3/ adding 30g of flavor hops at 60 minutes are obviously not for flavoring.

4/ I don't see adequate reasoning to dip the tin in the boiling hot wort. Why not just rinse it in water?

5/ I would chill the 10L hot wort in an ice bath prior to adding to the fermenter or it will be some time before it gets to pitching temps.

6/ you shouldn't need a starter if using the right amount of dried yeast.


----------



## Mags (10/2/12)

I could be way off the mark with this but I am going to attemp the following for my first brew with hops;

Coopers Lager
1kg LMDE
250g Dex
15g Cascade @ 20min boil
15g Cascade @ 10 min boil
15g Cascade dry hop
US-05 yeast

Or is there no point with the boiling the cascade for this amount of time then dry hop to finish?

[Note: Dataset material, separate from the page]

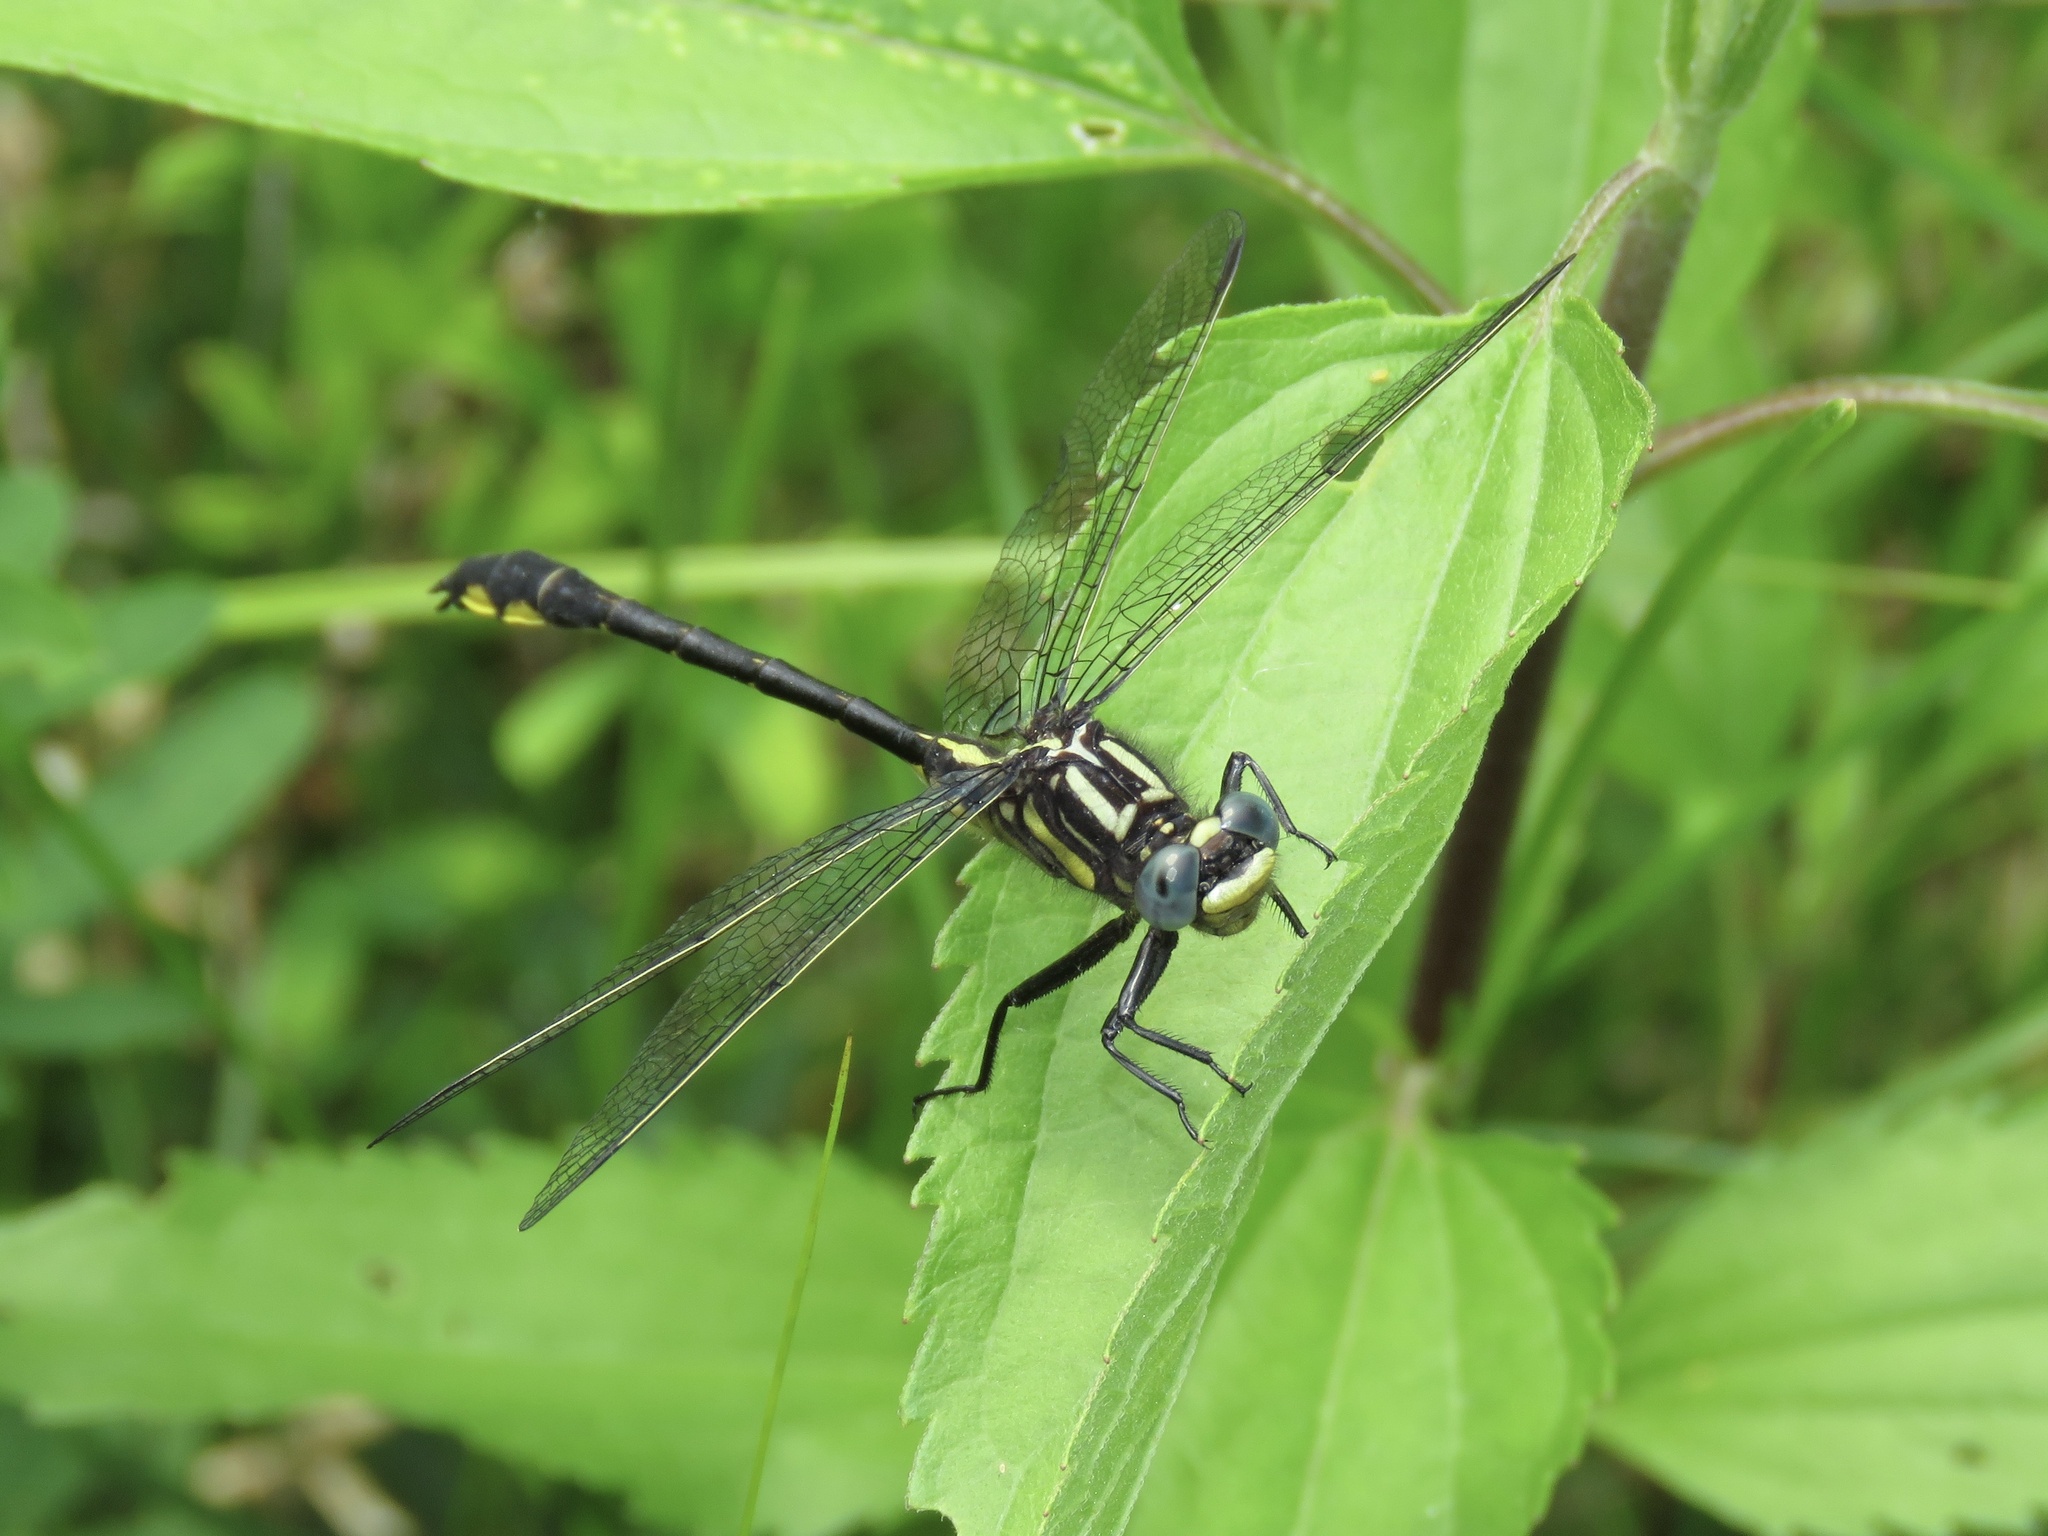 Ontario endangered species: a rapids clubtail dragonfly sitting on a leaf

Manticle to answer your question I don't mind biterness.


----------



## keifer33 (10/2/12)

Looks like a nice simple recipe Mags. Only a small boil will be required for that so 1litre per 100g of LDME as a general rule so 1-2litres will be fine for the small amount of hops you have. It's a good idea to try the same recipes with different hops to see how they react and what you like.


----------



## Mags (10/2/12)

Thanks. I will give it a try, then replicate it with another hop and get my head around it. Also will the dry hopping be useful to do as well to add to the aroma etc?


----------



## keifer33 (10/2/12)

Dry hop away. I normally work on around 1g/L if you enjoy a nice hop aroma but 15g is just fine.


----------



## Mags (10/2/12)

I'll have 20g of Cascade to dry hop with so i'll just chuck it all in haha!


----------